From "Moan Rooms" on Clubhouse to NSFW gay Twitter, there are platforms aplenty.

By Steven Underwood

Twitter becomes an entirely different place at 2am. It’s like a city park in the dead of night, when the gay cruisers come out in sweatpants and chinos: full of wanton curiosity and ready for fun. People become new versions of themselves, with funk and flavor and daring they did not have not even 30 minutes ago. It all occurs within a timeframe as quick as libido. In that brief window, you might see a Moan Room.

A “Moan Room” isn’t anything other than what the name implies. Listening in is an unfiltered pornographic experience that simulates the sort of frenzied, anonymous hookup the COVID-19 pandemic has made complicated. It’s performative but also undeniably titillating. You’re expected to intuit that here, headphones aren’t a suggestion; they’re a requirement.

And it all started on a little app called Clubhouse.

Top of the Moanin’ to You: The Origins of Moan Rooms

Clubhouse gained traction in mid- to late-2020 as an audio-first social media platform with voice and exclusivity as its important elements. In its beta stage, it was invitation-only, but invites were eventually rolled out on a wider basis until almost everyone had access. Come July 2021, it opened its doors to the public. People could enter “Rooms” as listeners and request an invitation to the “Stage” to speak by a host or moderator. Typically, these moderators had a green badge that came with the power to remove people from the Stage.

In those early days, some Rooms lasted for almost 24 hours. Others would shut down and spring up numerous “breakout” Rooms. It was predictably horny: Flirtation or innuendo could fly off the cuff at any moment. We were speaking live, after all. And even better, like any app in the beta stage, there was no verification process. In theory, no one could leverage power.

As with many emerging online trends, the earliest adopters were often Black and/or bored. Mikeisha Vaughn of Pussy Rap and All of That, one of Clubhouse’s earliest live radio shows, notes the necessity of Black creators, especially Black femmes, in cultivating the app’s cultural relevance in real time. “When Black people got a hold of Clubhouse, and that October to November time period, [we] were very significant in the culture that was created on [that app],” she tells Logo. “Whether it was ‘meaningful’ conversation or bringing a musical artist on to talk… Black people are really important to the culture of the internet and social media [in general].”

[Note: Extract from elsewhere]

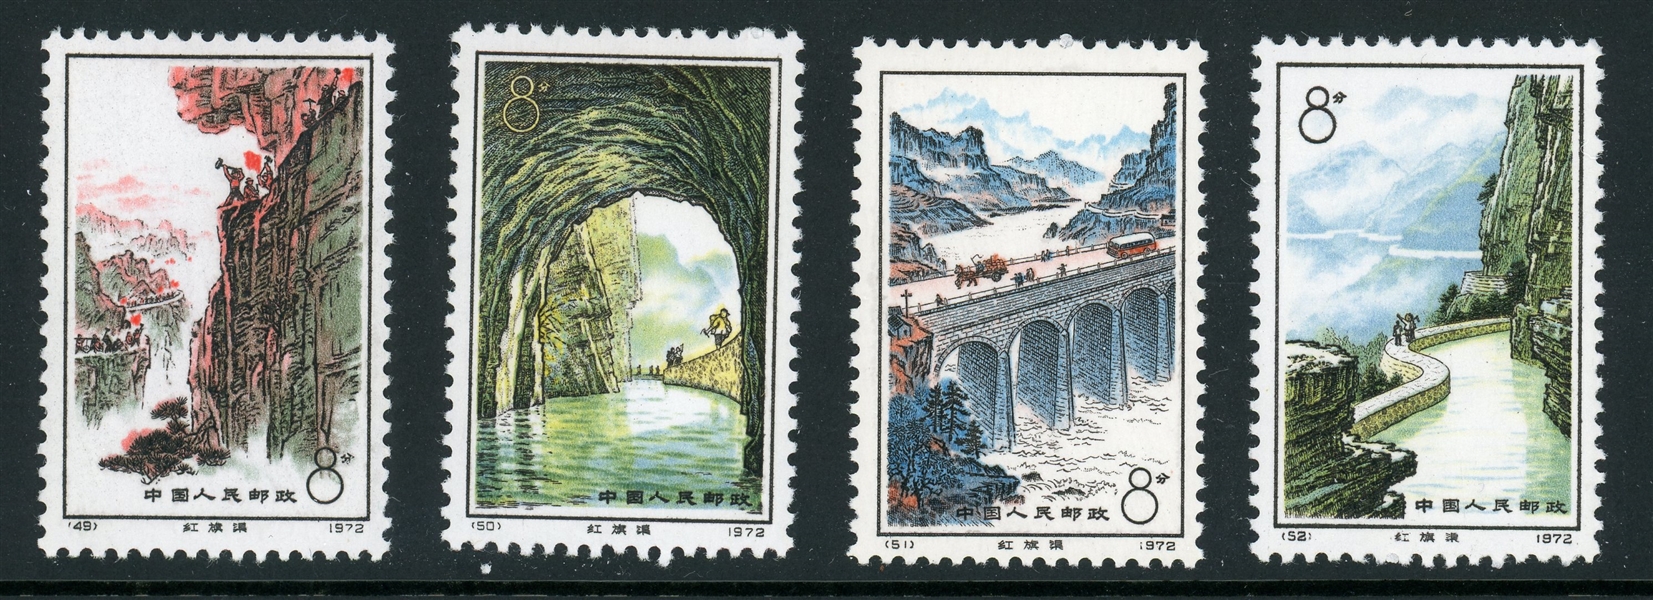 People's Republic of China Scott 1104-1107 MH F-VF Complete Set - 1972 Red Flag Canal (SCV $140)

Rafael Henrique/SOPA Images/LightRocket via Getty Images

BRAZIL - 2021/04/14: In this photo illustration, the Clubhouse logo seen displayed on a smartphone screen with the Twitter logo in the background. (Photo Illustration by Rafael Henrique/SOPA Images/LightRocket via Getty Images)

Following this parade of Black content creators, high-caliber celebrities were suddenly sharing space with local gossipers with zero PR coaching or supervision. You could just as easily find queer singer Kehlani discussing astrology as you could any number of coaching Rooms filled with questionable “spiritualists.” This level playing field made celebrities feel more comfortable to divulge personal information, or generally flirt back. Tidbits would be revealed on Clubhouse and later spread to Twitter for boosts.

It went on for months. And eventually, in December 2020, a tweet rang out: Lakeith Stanfield, an acclaimed actor and avid user of Clubhouse, was participating in a Moan Room.

“The moderators were giving you time limits to give your best moans, and others implemented cash prizes,” Vaughn explains. “For some people who felt [Clubhouse] was for industry people and building connections, [they] turned their noses up to it, and some let their guard down, their professional facade.”

A Moan Room might have a number of speakers on the Stage. It might have only two or three: the host(s) and the performer. Intended ambiance is a big factor here. The bigger the Room, the funnier — and the smaller the Room, the hornier. There was no way to gauge professional clout, so most often, these Rooms were just fun experimentation.

Unfortunately, we also have no means of gauging how many of Clubhouse's users are queer. An invitation-only app that shuns anonymity likely made it unappealing to DL or closeted queer folks. On Twitter, you can be anyone, which creates a lush and open field for exploration. Clubhouse, less so, at least in its beta stage.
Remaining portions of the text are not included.